Configuring a Provider
terraform {
required_providers {
aws = {
source = "hashicorp/aws"
version = "~> 5.0"
}
cloudflare = {
source = "cloudflare/cloudflare"
version = "~> 4.0"
}
}
}
provider "aws" {
region = "us-east-1"
}
provider "cloudflare" {
api_token = var.cloudflare_api_token
}Version Constraints
| Constraint | Meaning |
|---|---|
= 5.0.0 | Exactly this version |
>= 5.0 | This version or newer |
~> 5.0 | Any 5.x version (allows minor updates) |
~> 5.82.0 | Any 5.82.x version (allows patch updates) |
>= 5.0, < 6.0 | Range |
Always pin your provider versions. Unpinned providers can break your infrastructure when a new version introduces breaking changes.

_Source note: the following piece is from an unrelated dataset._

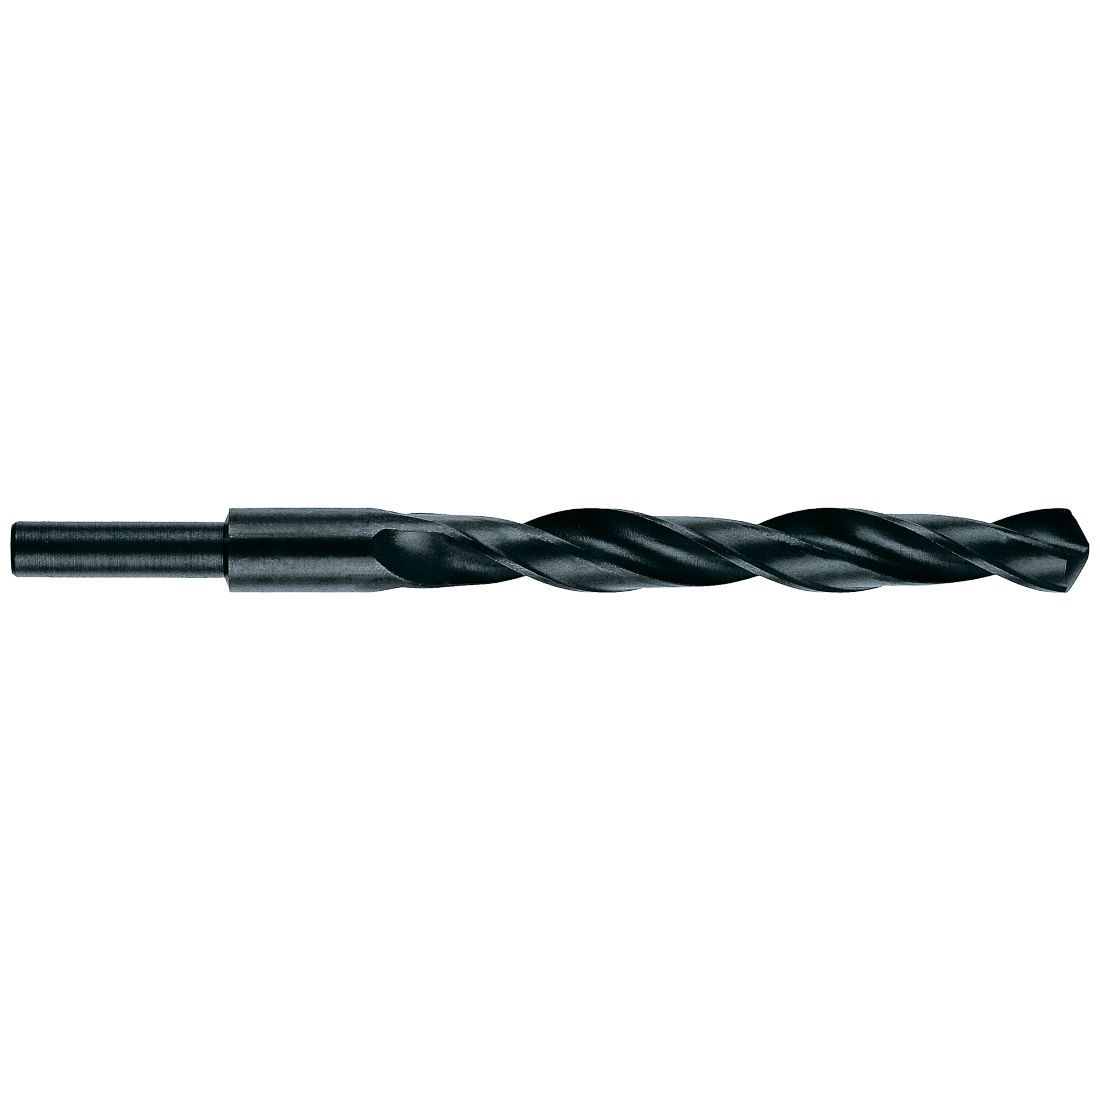 Сверло по металлу Heller HSS cо ступенчатым хвостовиком 17х125х184мм

Multiple Provider Instances
Deploy to multiple regions using aliases:
provider "aws" {
region = "us-east-1"
alias = "east"
}
provider "aws" {
region = "eu-west-1"
alias = "europe"
}
resource "aws_s3_bucket" "us_bucket" {
provider = aws.east
bucket = "my-app-us"
}
resource "aws_s3_bucket" "eu_bucket" {
provider = aws.europe
bucket = "my-app-eu"
}Popular Providers
| Provider | Source | Use Case |
|---|---|---|
| AWS | hashicorp/aws | EC2, S3, RDS, Lambda |
| Azure | hashicorp/azurerm | VMs, Storage, AKS |
| GCP | hashicorp/google | GCE, GCS, GKE |
| Cloudflare | cloudflare/cloudflare | DNS, CDN, Workers |
| Vercel | vercel/vercel | Frontend deployments |
| GitHub | integrations/github | Repos, teams, actions |
| Kubernetes | hashicorp/kubernetes | K8s resources |
| Docker | kreuzwerker/docker | Local containers |
Resources
Resources are the most important element in Terraform. Each resource block describes one or more infrastructure objects.
Resource Syntax
resource "provider_type" "local_name" {
argument1 = "value"
argument2 = 42
nested_block {
key = "value"
}
}- provider_type — the resource type (e.g.,
aws_instance,aws_s3_bucket) - local_name — your name for this resource (used to reference it elsewhere)
Referencing Resources
Resources export attributes that you can reference:
resource "aws_vpc" "main" {
cidr_block = "10.0.0.0/16"
}
resource "aws_subnet" "web" {
vpc_id = aws_vpc.main.id # Reference the VPC's ID
cidr_block = "10.0.1.0/24"
}
resource "aws_instance" "web" {
ami = "ami-0c55b159cbfafe1f0"
instance_type = "t3.micro"
subnet_id = aws_subnet.web.id # Reference the subnet's ID
}Terraform automatically understands that the subnet depends on the VPC, and the instance depends on the subnet. It creates them in the right order.
Meta-Arguments
Every resource supports these special arguments:
resource "aws_instance" "web" {
count = 3 # Create 3 instances
ami = "ami-0c55b159cbfafe1f0"
instance_type = "t3.micro"
tags = {
Name = "web-${count.index}" # web-0, web-1, web-2
}
}
# for_each — create from a map or set
resource "aws_iam_user" "devs" {
for_each = toset(["alice", "bob", "carol"])
name = each.value
}
# depends_on — explicit dependency
resource "aws_instance" "app" {
ami = "ami-0c55b159cbfafe1f0"
instance_type = "t3.micro"
depends_on = [aws_s3_bucket.config]
}
# lifecycle — control resource behavior
resource "aws_instance" "web" {
ami = "ami-0c55b159cbfafe1f0"
instance_type = "t3.micro"
lifecycle {
create_before_destroy = true # Zero-downtime replacement
prevent_destroy = true # Block accidental deletion
ignore_changes = [tags] # Don't track tag changes
}
}
Data Sources
Data sources let you read information from existing infrastructure that Terraform doesn't manage.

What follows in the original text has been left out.